*Task to complete*.
Take the entries below and print only the lines from the one with "Nova vita health and safety" through the one with "Защитный экран Samsung", exactly as they stand, both ends included.

++++ Provided information

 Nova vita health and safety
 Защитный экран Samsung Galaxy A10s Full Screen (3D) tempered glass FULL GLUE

++++++++
++++ Provided information

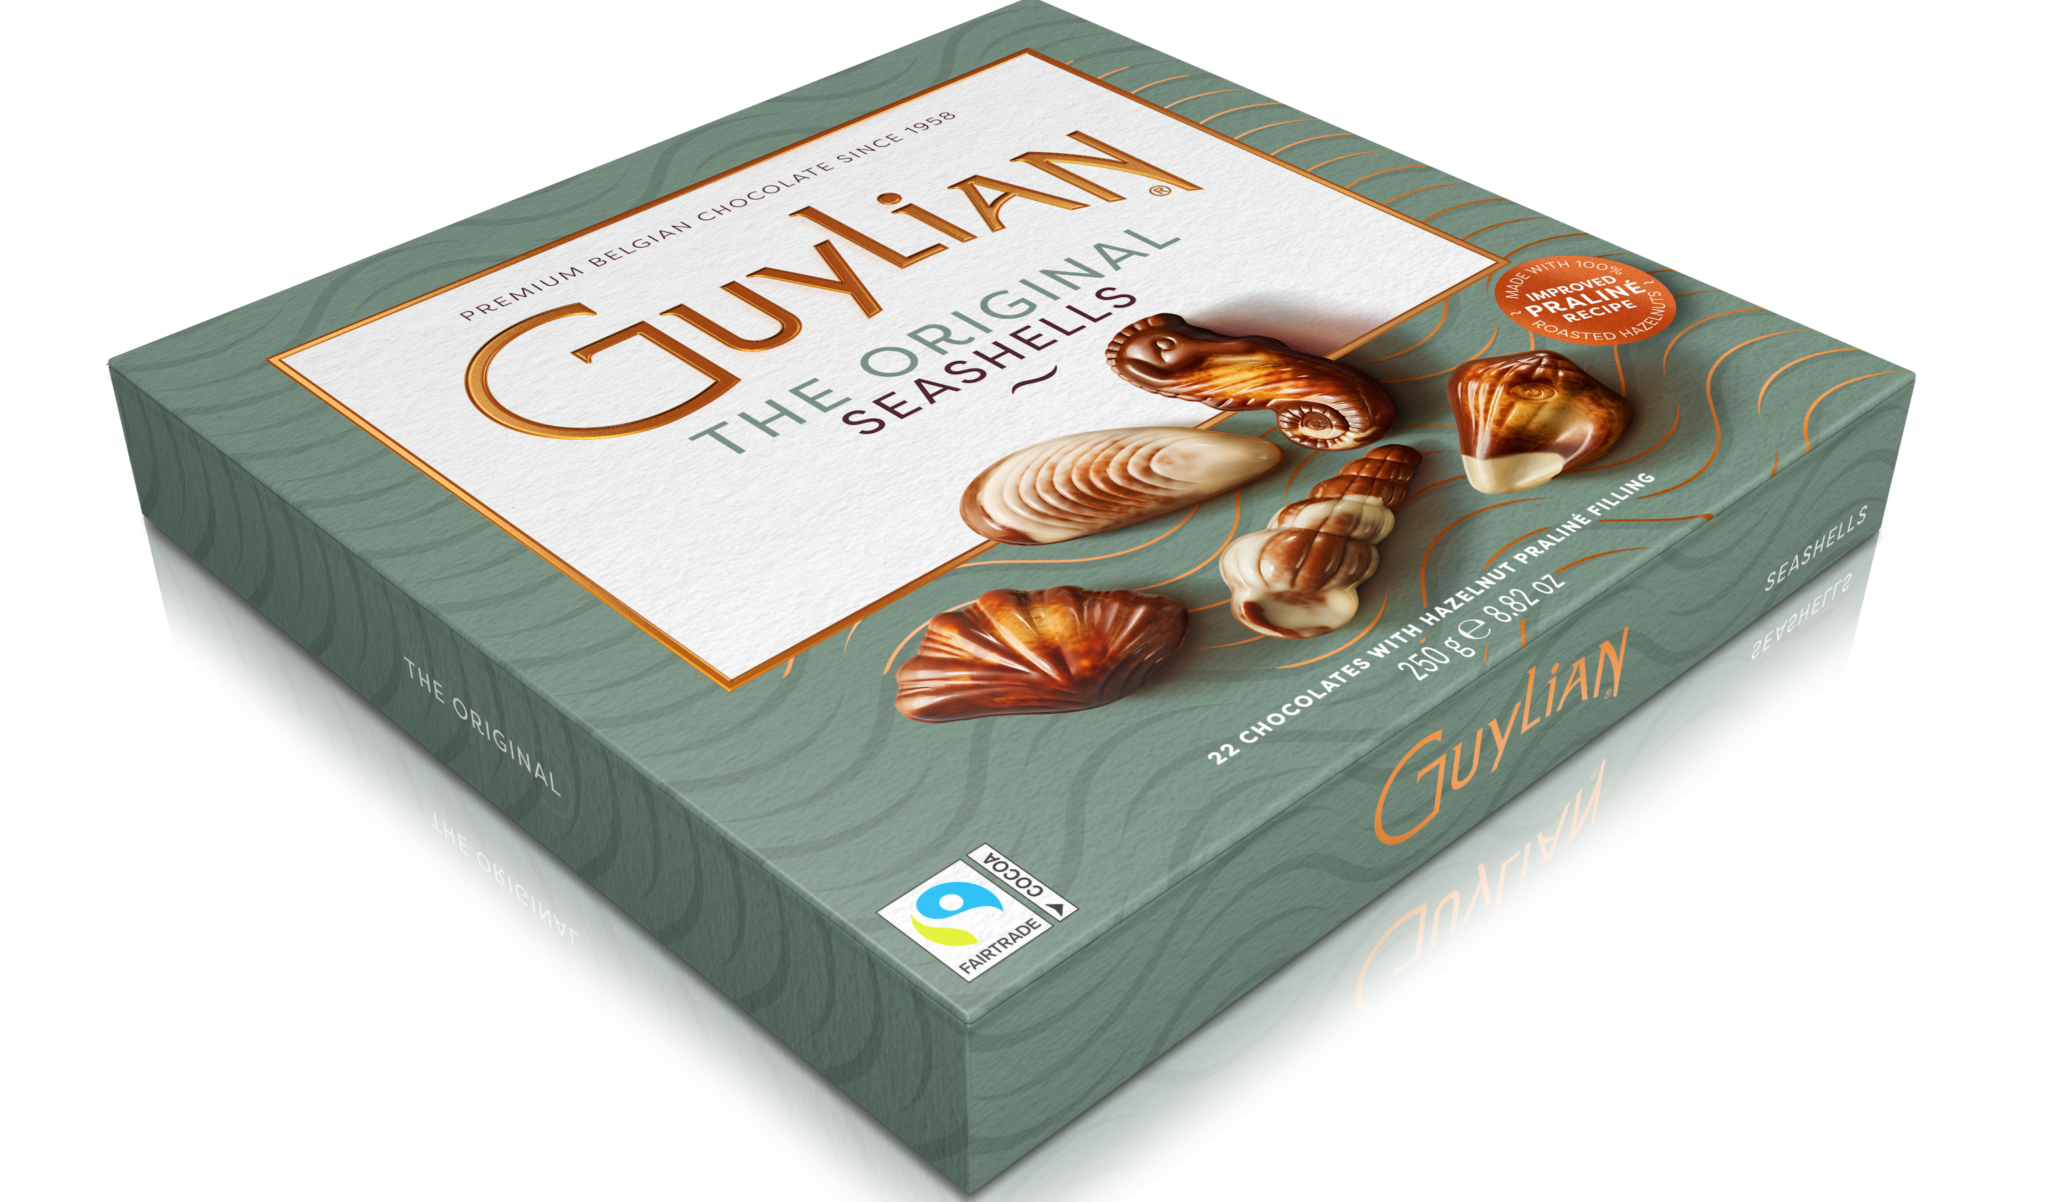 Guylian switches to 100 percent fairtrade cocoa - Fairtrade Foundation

++++++++

*Response to the task*.
 Nova vita health and safety
 Защитный экран Samsung Galaxy A10s Full Screen (3D) tempered glass FULL GLUE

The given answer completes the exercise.